The debate on driverless cars
I have blogged earlier here and here about the role of agenda-setting in shaping the trajectory of ideas and technologies. A disturbing trend has been the capture of this agenda-setting process by corporate and elite interests. The example of driverless cars is yet another illustration.
The widespread adoption of driverless cars throws up several public problems. Foremost, automating driving squeezes out the very large low-income occupational category of vehicle drivers. The technology creates taxis and vehicles without drivers. There is nothing on the horizon to accommodate the tens of millions so displaced.
Second, in a world of driverless cars, making taxis cheaper and allowing more vehicles on the roads, will worsen the current preferential treatment that cars have over public transit.
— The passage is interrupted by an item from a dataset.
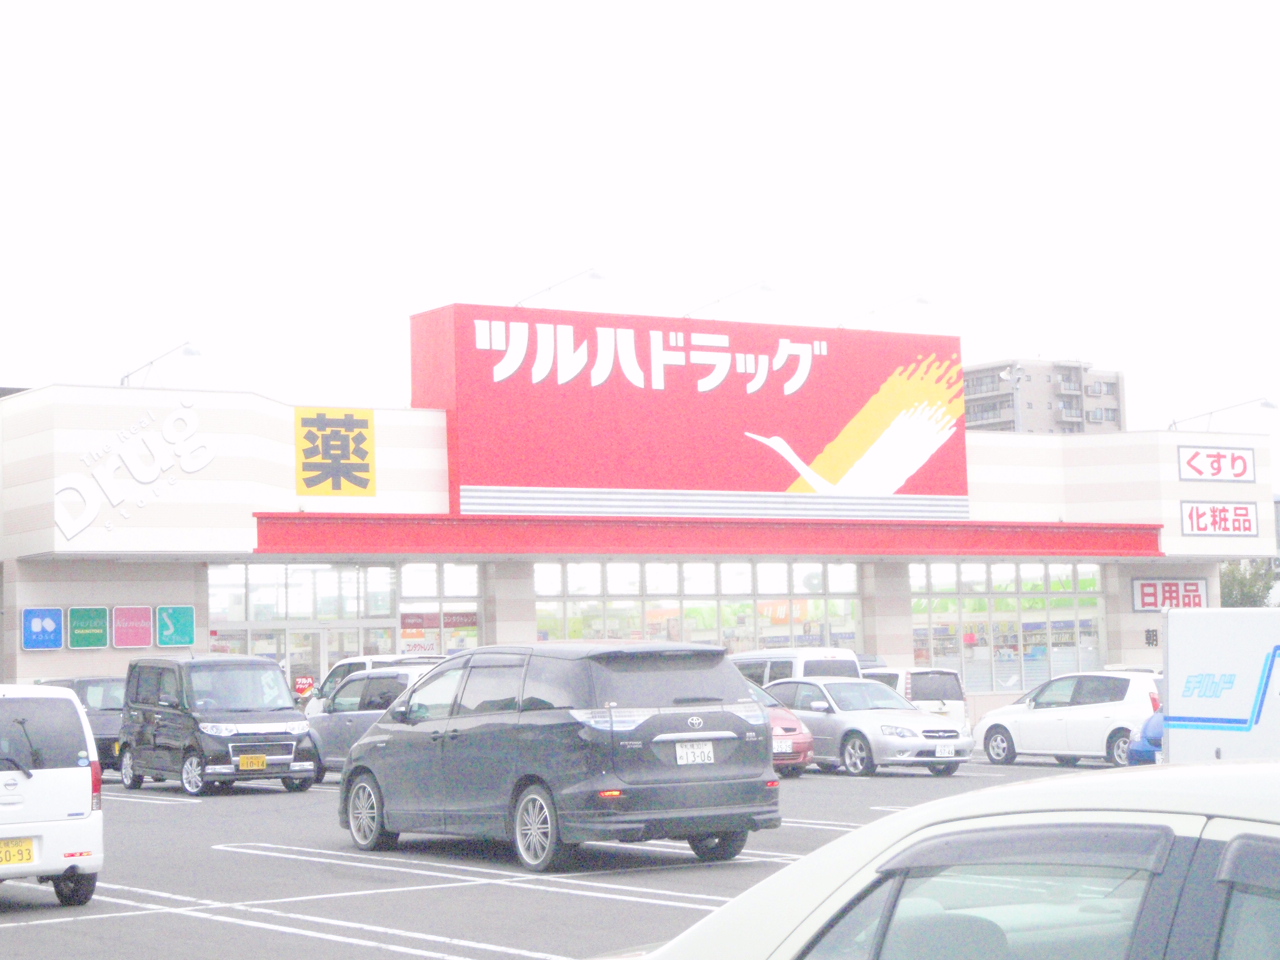 Dorakkusutoa. Tsuruha drag Asari shop 778m until (drugstore)
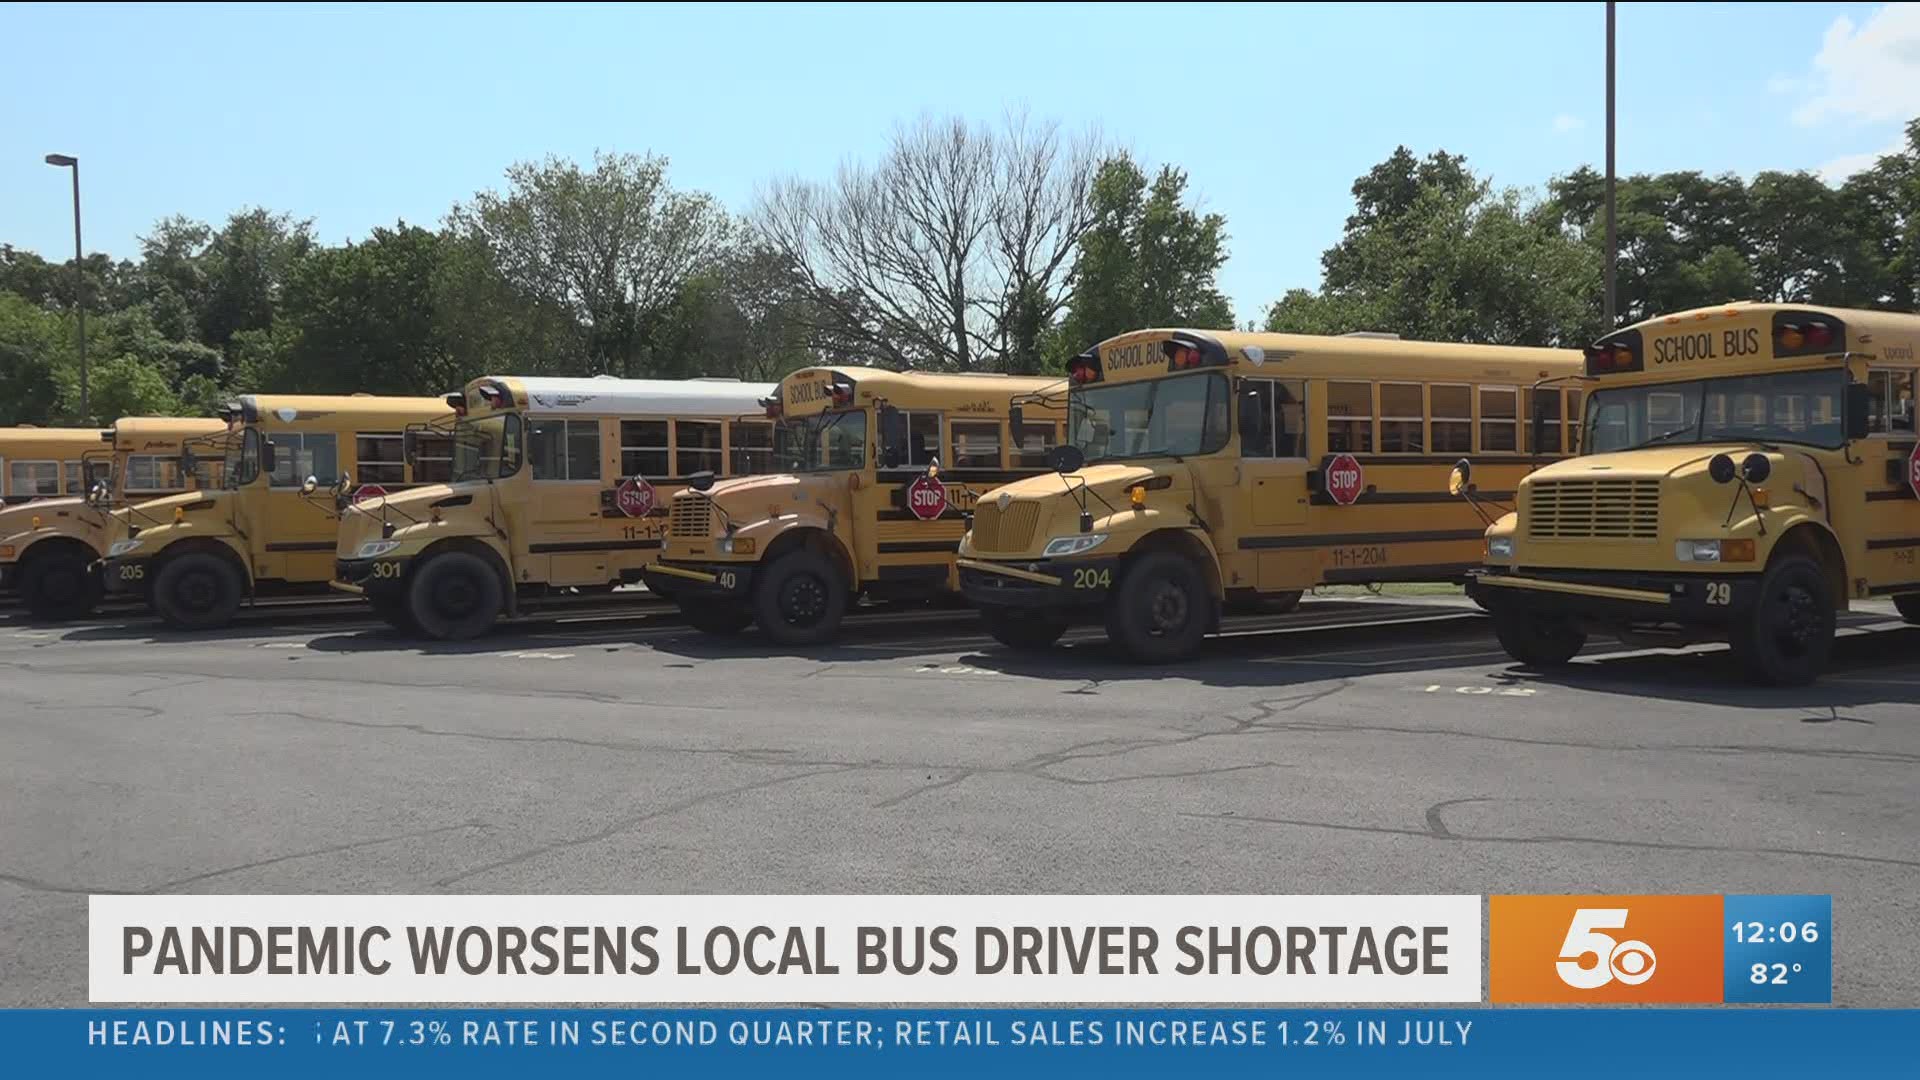 Pandemic worsens local bus driver shortage.

More people will exit public transit systems and the voices supporting public transport will be even more silenced. The public funding for mass transit will decline further and its neglect will worsen.
Third, at a time when we are trying to limit transportation-related carbon emissions, this trend would work in exactly the opposite direction.
These public costs will have to be weighed against the private benefits by way of greater profits to a few large corporations and greater convenience to taxi users and those who can afford driverless vehicles.
The trickle-down positive externalities that supporters of such technologies claim are generally too slow to realize, too little to be of significance, and too concentrated among a few as to be of no relevance to the vast majority. In any case, these collateral benefits have to be weighed against the negative externalities arising from the elimination of an entire economic segment.
Surprisingly none of these high-level issues are considerations when decisions on the adoption of driverless vehicles get taken by governments. The San Francisco example is illustrative.
FT has a long read on the debate surrounding a vote in San Francisco on whether to allow robotaxis on its roads. The support for robotaxis is overwhelmingly from corporate interests, many based in the city (GM-owned Cruise, Amazon-owned Zoox, and Alphabet-owned Waymo). They tout several benefits
Driverless car executives have touted the potential to bring dramatic safety improvements. Robots do not get sleepy, distracted or enraged. Nor will they drive drunk, talk on the phone or rush to get to work. For passengers who feel vulnerable hailing a ride with a stranger, especially late at night, a driverless car can be a sort of refuge.
Note the framing of the benefits of robotaxis - all centered around safety, convenience, and efficiency. No mention of any of the important aforementioned public issues. Once the debate gets anchored around the likes of safety and convenience, it's only a matter of time before the narrative overwhelms any opposition.
The California State Public Utilities Commission, which regulates self-driving cars in the state, voted 3-1 to permit Cruise and Waymo to offer paid rides anytime during the day throughout the city. The seven-hour hearing on the issue by the Commission was almost entirely on concerns of road safety. Even the dissenting Commissioner's vote was on concerns of safety. This narrow technical framing of the hearing, overlooking the important public issues mentioned above, is a teachable example of what's wrong with the decision-making progress on technology adoption.
The Commission's vote came overruling strong opposition from local officials, including the San Francisco Departments of Public Works and Fire Services, Municipal Transportation Agency, and Planning Commission. The local government has had no role in the decision, that was appropriated by technocrats in the State Government.
Even the media debates fall unwittingly into this framing. Consider this from an article in NYT on the San Francisco debate,
Are the driverless cars an interesting and safe transportation alternative? Or are they a nuisance and a traffic-blocking disaster waiting to happen?
The article makes only passing mention of the serious social and public policy problems caused by the introduction of robotaxis.
We cannot also overlook the non-trivial technical problems - see this, this, this, and this - that driverless vehicles are unable to surmount even today.
There was the recent incident when a fleet of driverless vehicles froze and blocked traffic during a Friday night concert at North Beach. Days later, an autonomous car got stuck in wet cement at a construction site, and then a robotaxi crashed into a firetruck responding to an emergency call. Weeks earlier, pet lovers were mortified when a vehicle struck and killed a small dog.
Corporate interests frame their endeavor as part of the widely accepted narrative of technological progress and have lobbied hard to capture regulatory and standards-setting institutions and important decision-makers. They are right to believe that once robotaxis are introduced and are able to demonstrate successful adoption, the prevailing hostility and apprehensions among some groups will dissolve over time.
It's not surprising given the financial stakes involved. To put that in perspective, it's estimated that investors have poured more than $50 billion into the idea of driverless cars even before one robotaxi service has been introduced.
However, the marginalisation of public debates on the adoption of robotaxis to narrow technical issues, overlooking the critical public problems unleashed is a testament to the elite capture of the political institutions and the broken nature of the political process.